The death of Christ on Good Friday and His glorious and triumphant resurrection that we’ll celebrate on Sunday, is what makes the Gospel good news, not just good advice. The Gospel is not a set of swimming instructions shouted from the safety of the bank to a drowning man. It is the PRESENCE of a powerful lifeguard able to personally bring US to safety. There is nothing we MUST do; there is nothing we CAN do to come into all the good of the gospel. We simply take God at His word and put our TRUST, our FAITH, in what He has already DONE for us, through that sacrifice made on Good Friday.

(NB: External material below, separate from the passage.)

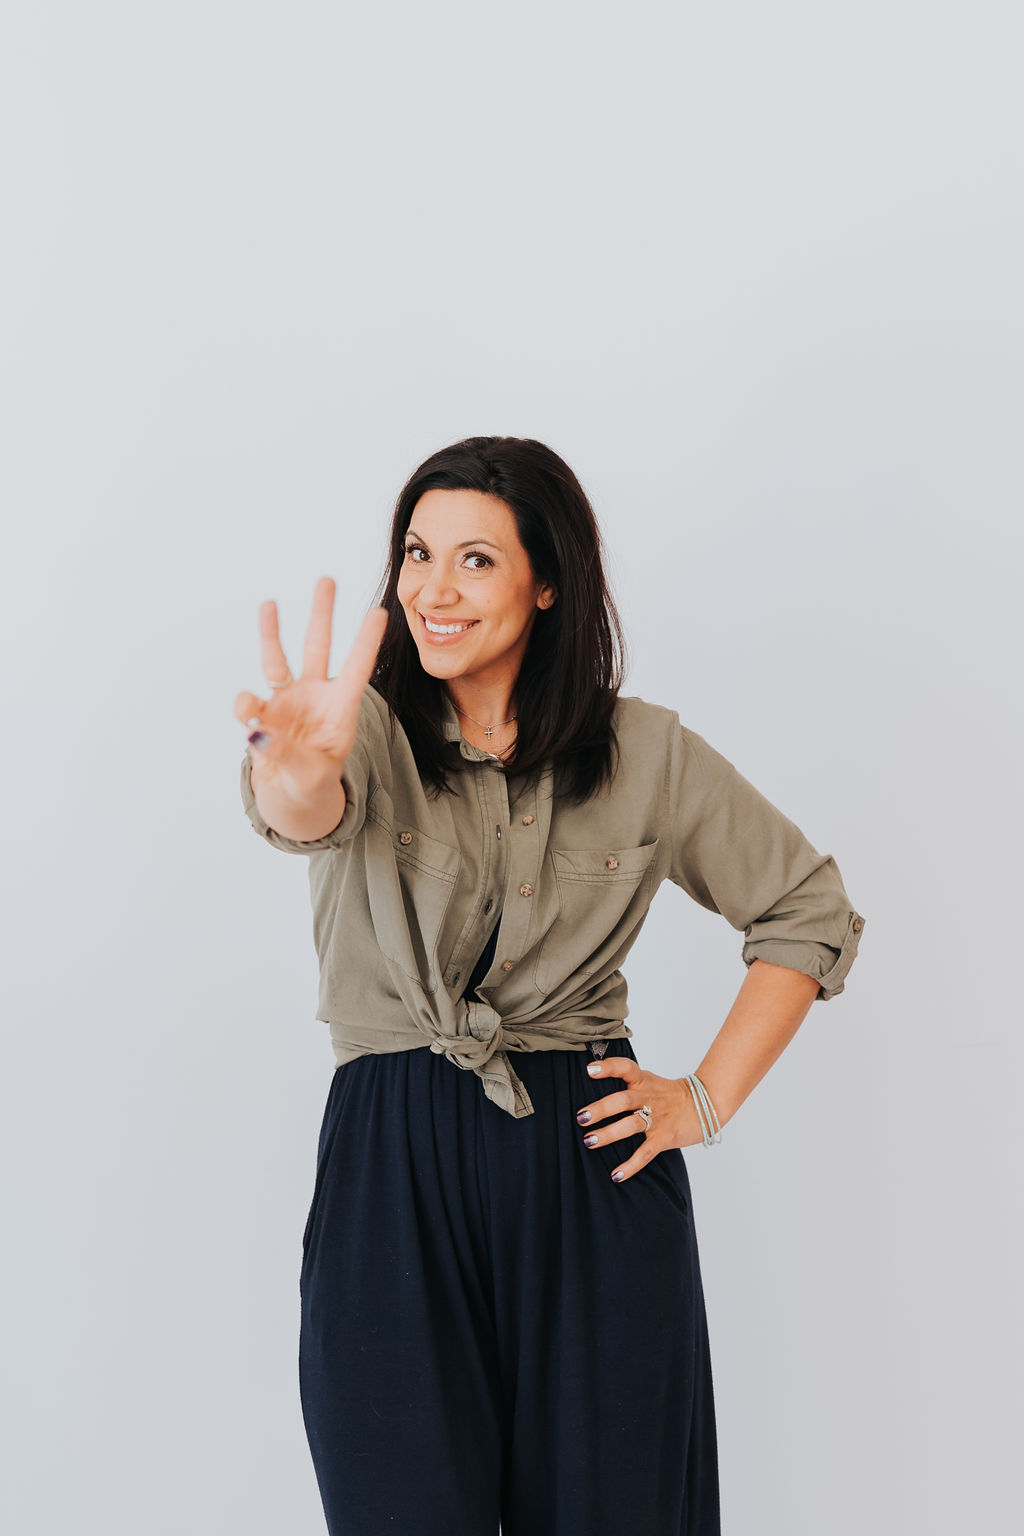 dark haired woman with a khaki blouse and black skirt is standing, facing the camera. She has her left hand on her hip and her right hand is raised up near her shoulder while holding up three fingers. She is smiling.
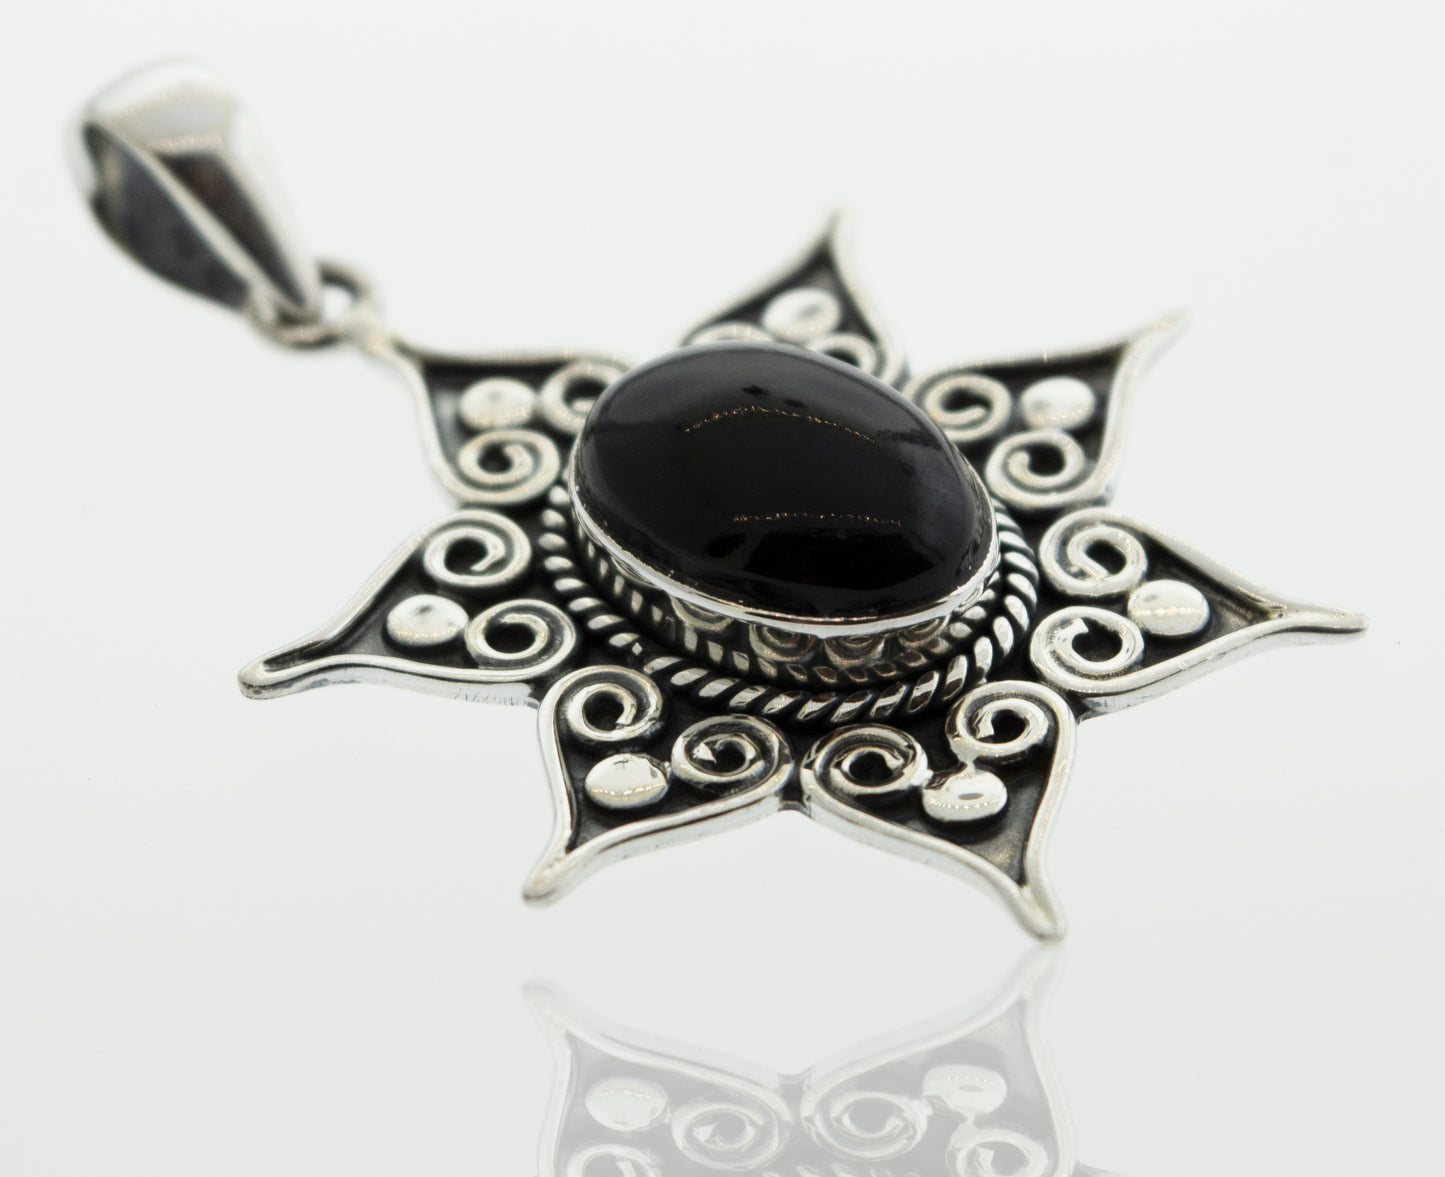 A gorgeous Super Silver Ruby Pendant with a black onyx stone in a flower setting.

So, whatever else, we mustn’t miss, the emphatic statement of God’s love that we see in Jesus’ sacrifice, as we consider what happened on that first Good Friday. Charles Finney once said: “Love, is the bringing about of the highest good in the life of another person.” And that is what we see in that terrible day at Calvary. The perfect, fathomless depths of God’s great love for you and I, as Christ poured out His life for us in full payment for all our sins. For “God has shown us how much he loves us . . .” Romans 5:8 (GNB)

This is why such an apparently black day; a day of seeming defeat and dejection is in fact so rightly referred to as GOOD Friday. For, in truth, it is an unchallengeable demonstration of God’s immeasurable love for each one of us.

It is not JUST a perfect sacrifice – though of course it is; it is also the perfect DISPLAY, an unequivocal DECLARATION, of God’s great love for those He has created. As 1 John 3:16 (GNB) puts it: “This is how we know what love is: Christ gave his life for us. “

The death of Christ is not to be overlooked; and Good Friday is not to be dismissed, downgraded or undervalued in the wake of the glorious Resurrection on Easter Sunday.

We need to understand that the cruel crucifixion and death of Christ is forever THE most powerful expression of God’s love for us; and the victorious resurrection is first and foremost, a glorious vindication of the TOTAL EFFICACY of that perfect sacrifice on Good Friday.

So, if you need a reason - then ultimately, that is why it is Good this Friday and we need this morning and indeed each morning, to appreciate, as the hymn reminds us, that “Love so amazing, so divine” “Demands my soul, my life, my all.”